The German composer, damned by the Nazis as a dangerous modernist, was never other than a cerebral conservative with an ear for correct form. Exiled to Istanbul, then to Yale, he reduced students to tears with rigorous lessons in theory and any number of ruthless technical exercises designed to make them better human beings.
The 1943 Ludus Tonalis set for solo piano, premiered by Artur Schnabel in Chicago that year, is Hindemith’s attempt at a Goldberg Variations, contrapuntal as a dyspeptic snake, turning this way and that, striking without warning. Like a rattler, you know it’s there but you don’t dare look.

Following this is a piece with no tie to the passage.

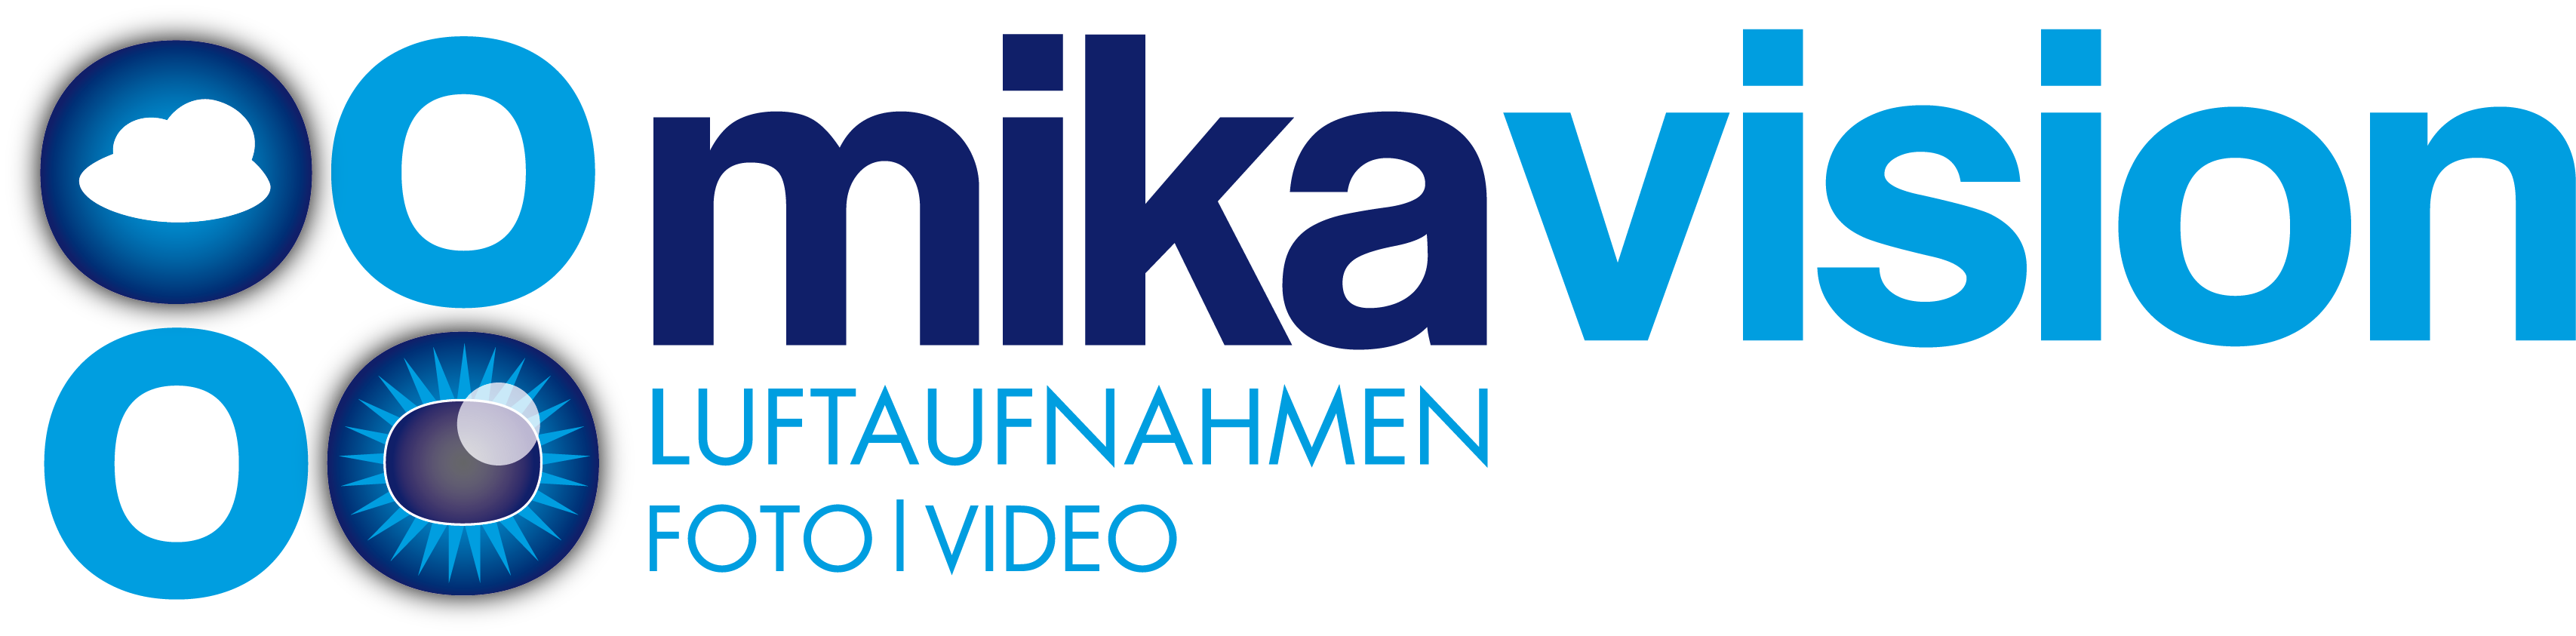 Mikavision

The pianist in this rare recording, reissued from 1965, is the Estonian refugee Käbi Laretei who, in Sweden, became the first wife of the film drector Ingmar Bergman. Why she is not better known I cannot figure. She has technique to spare and a feel for mood that few piano players can replicate. Laretei treats Hindemith with appropriate austerity, no flirty smiles, no lapses of concentration (dinner at the Bergmans must have been fun). I wish I’d heard her playing Webern.
I’ve had her Ludus in the background all week and, while I can’t pretend to love the work, I can’t help but admire Hindemith’s morning exercises, his oh-so-German devotion to the precise placement of nuts and bolts and Laretei’s unflinching turn of the family screwdriver. Inimitable.